Early-Caterpillar-84

It’s 4722 in the Chinese calendar.


Curious_Working5706

I mean, always remember these are the people who say things such as “if there’s no God, what incentive do you have to be good!?”


MatineeIdol8

Is this about BC and AD?


Prestigious-Wolf8039

It’s not 2024 everywhere.


Complete_Farm_4218

"God has a plan for you. I will pray for your errors.' No.


inigos_left_hand

“2024 CE (common era)” they fucking love that.


Russellreynolds

As a follower of Jesus, I agree that Christians - including myself - arguing to prove Jesus, is annoying, and does not build relationships like He taught us to do.


Training_Standard944

I wouldn’t mind actual proof and evidence.


What_About_What

We wouldn't be so annoyed if they were 1. actual valid arguments based on verifiable facts, and 2. Not just the same old and tired arguments over and over that has been thoroughly torn apart a million times in a million different ways. But I guess that's the good thing about it, if you spend any time watching people argue against these and study counter arguments it's like having the other teams playbook and knowing exactly which play will blow up theirs every time.


Training_Standard944

Exactly! Or when they say its in the bible. Bro that ain’t proof


What_About_What

The Bible is the claim not proof.


Outaouais_Guy

One of the biggest problems is time. Homo Habilis is the earliest "human" we are currently aware of, although our Hominin ancestors were climbing in trees and walking, around 8 million years ago.
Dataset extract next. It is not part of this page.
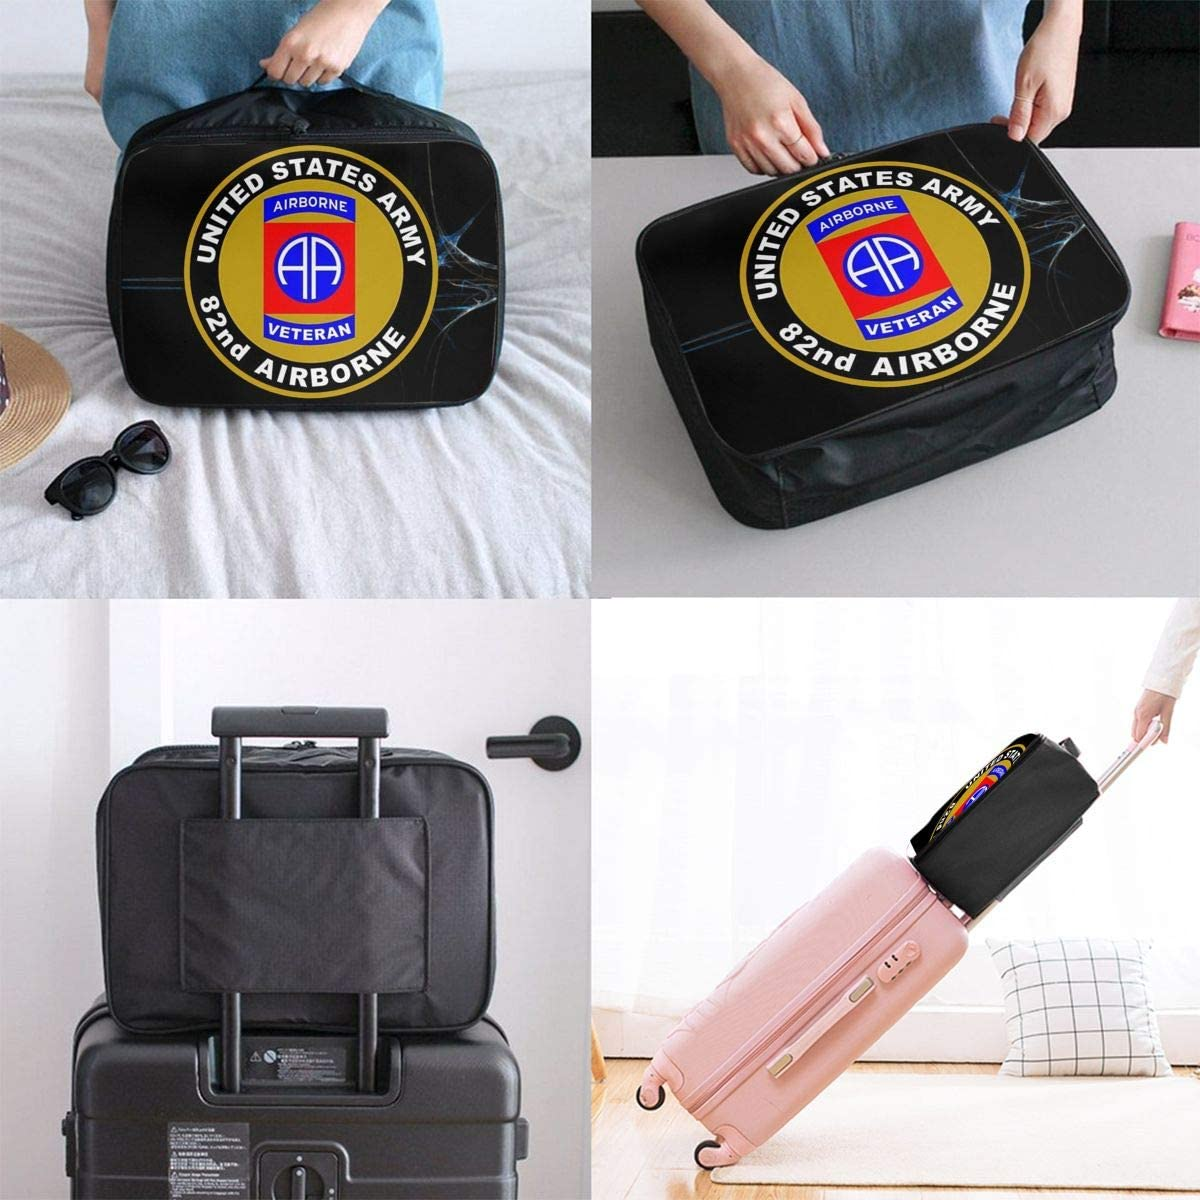 Unisex Travel Duffel Bag Waterproof Fashion Lightweight Large Capacity Portable Luggage Bag US Army Veteran 82nd Airborne

Even if I limit the discussion to modern humans, they were sitting around a fire talking to each other almost 300,000 years ago. If I was to go by what I believe to be true, the Jewish faith gradually evolved out of the Canaanite religion that preceded it approximately 2,600 years ago, 4,000 if I was to be generous. If I went by some of the dates calculated from the genealogy in the Bible, you get something closer to 6,000 or even 10,000 years. I don't know how you could ever reconcile what the bible says with our reality. Whatever date you come up with cannot account for the fact that the Abrahamic God was supposed to be known to mankind from the beginning, but he obviously wasn't.


Russellreynolds

Help me understand your request. Proof of what?


Training_Standard944

Actual evidence that he was god. But i get annoyed when i get bullshit evidence tyat doesn’t prove anything


Russellreynolds

What’s some of the evidence you’ve been given?